The lines to extract begin at the line that contains "Ma trận chuồng" and run through the last line of the listing; reproduce them exactly, minus any pictures.

Data extract –
________________________________________

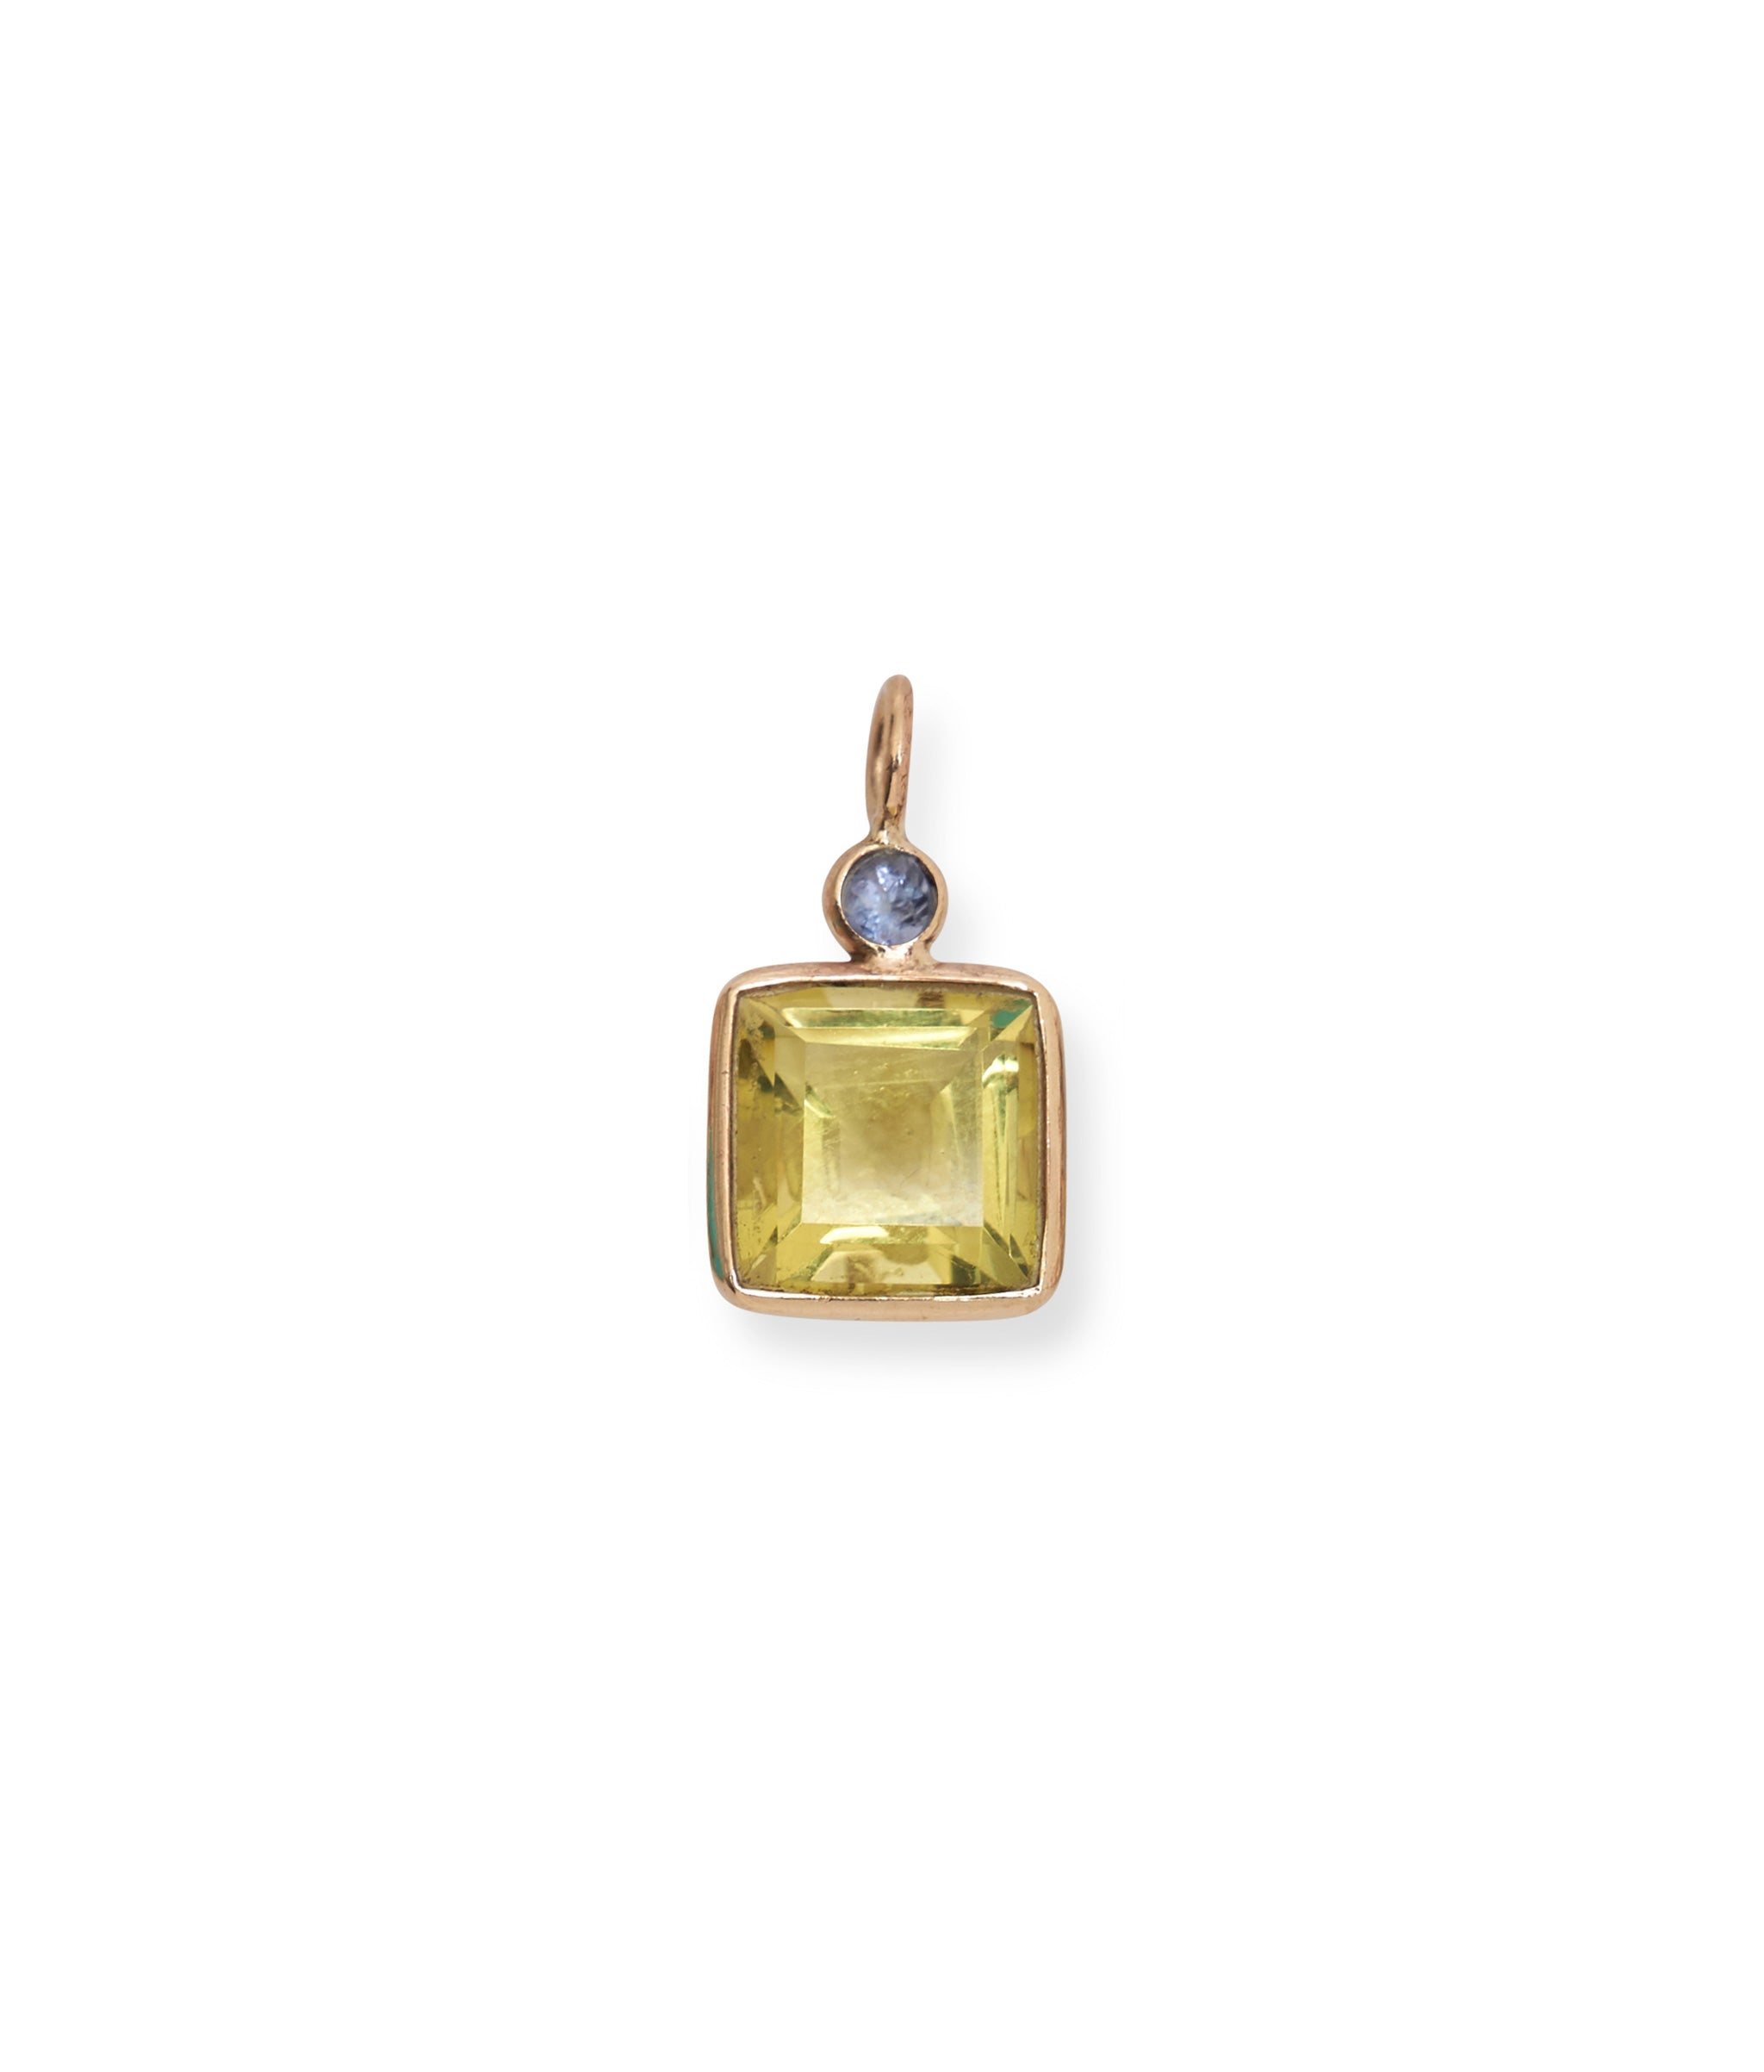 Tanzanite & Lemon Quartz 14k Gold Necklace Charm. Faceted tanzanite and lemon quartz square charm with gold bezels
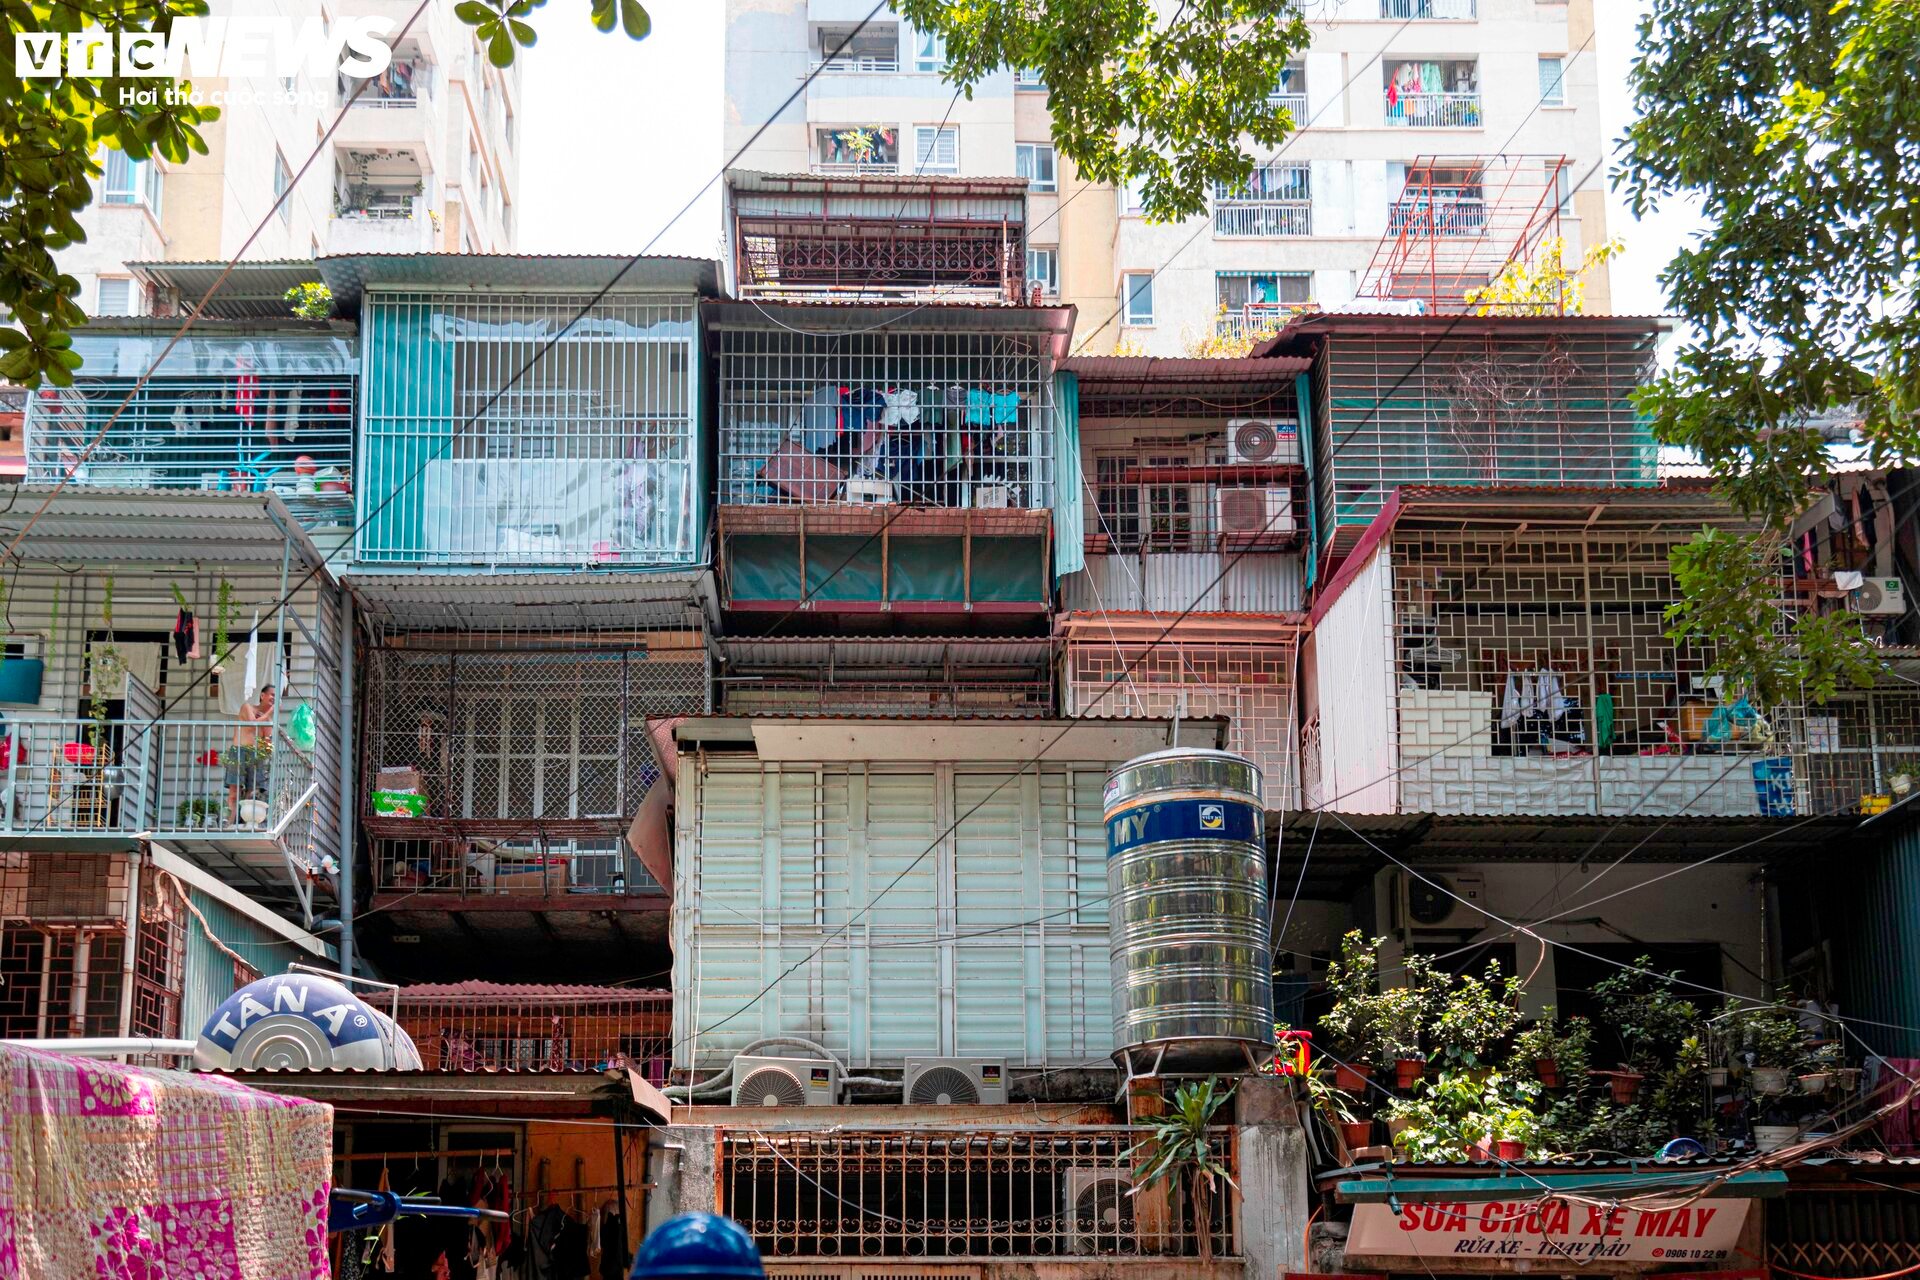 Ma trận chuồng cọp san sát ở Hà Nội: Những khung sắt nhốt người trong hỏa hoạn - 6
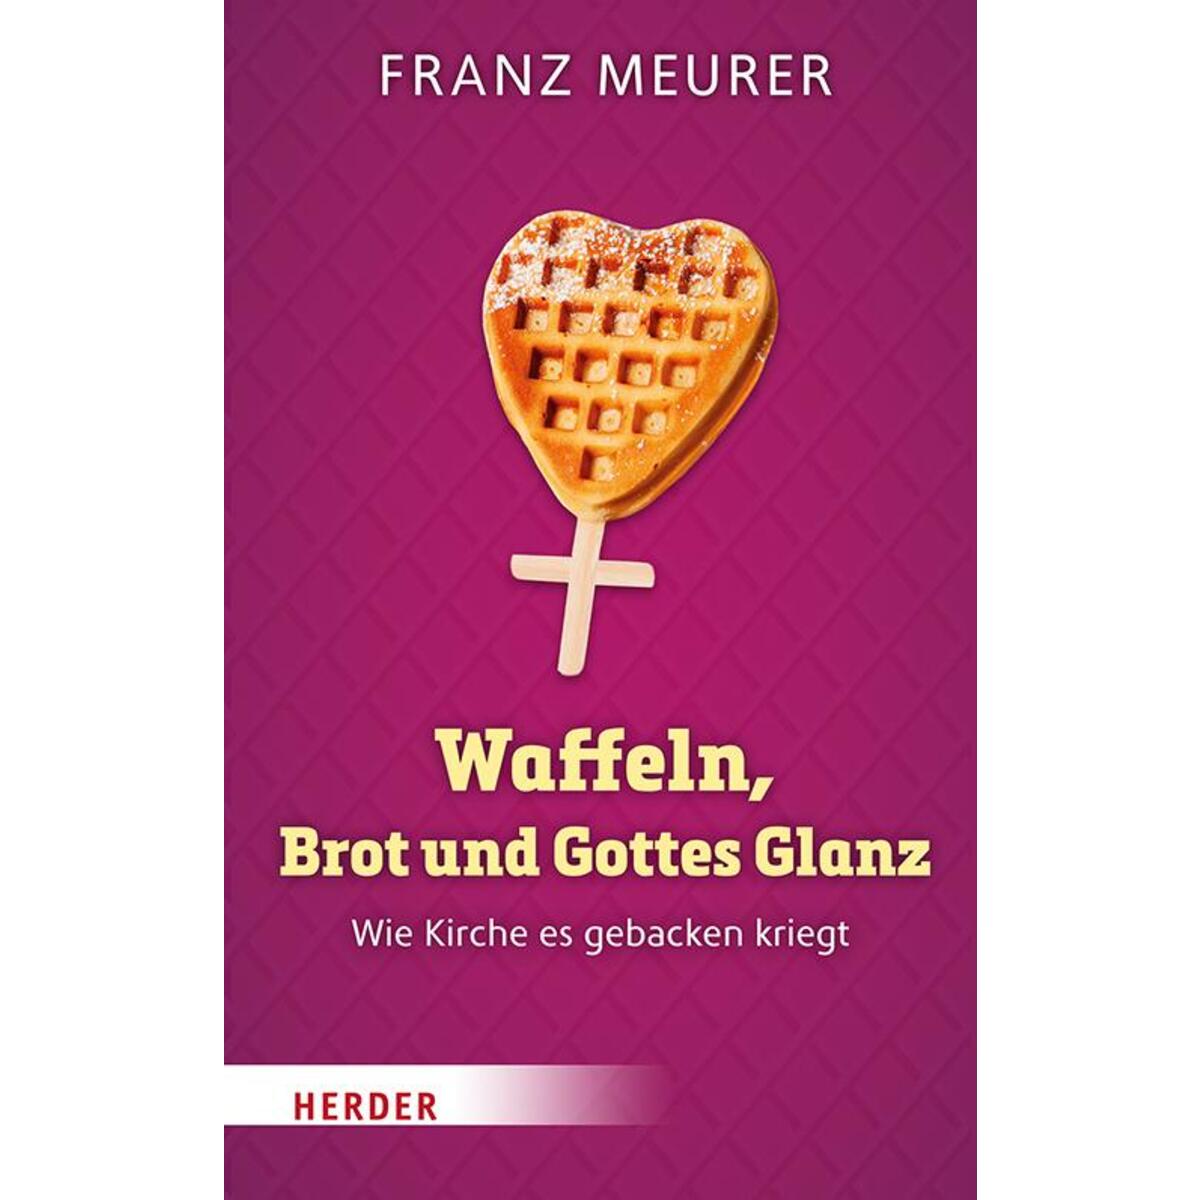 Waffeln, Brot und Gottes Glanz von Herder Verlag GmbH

________________________________________

Answer space –
 Ma trận chuồng cọp san sát ở Hà Nội: Những khung sắt nhốt người trong hỏa hoạn - 6
 Waffeln, Brot und Gottes Glanz von Herder Verlag GmbH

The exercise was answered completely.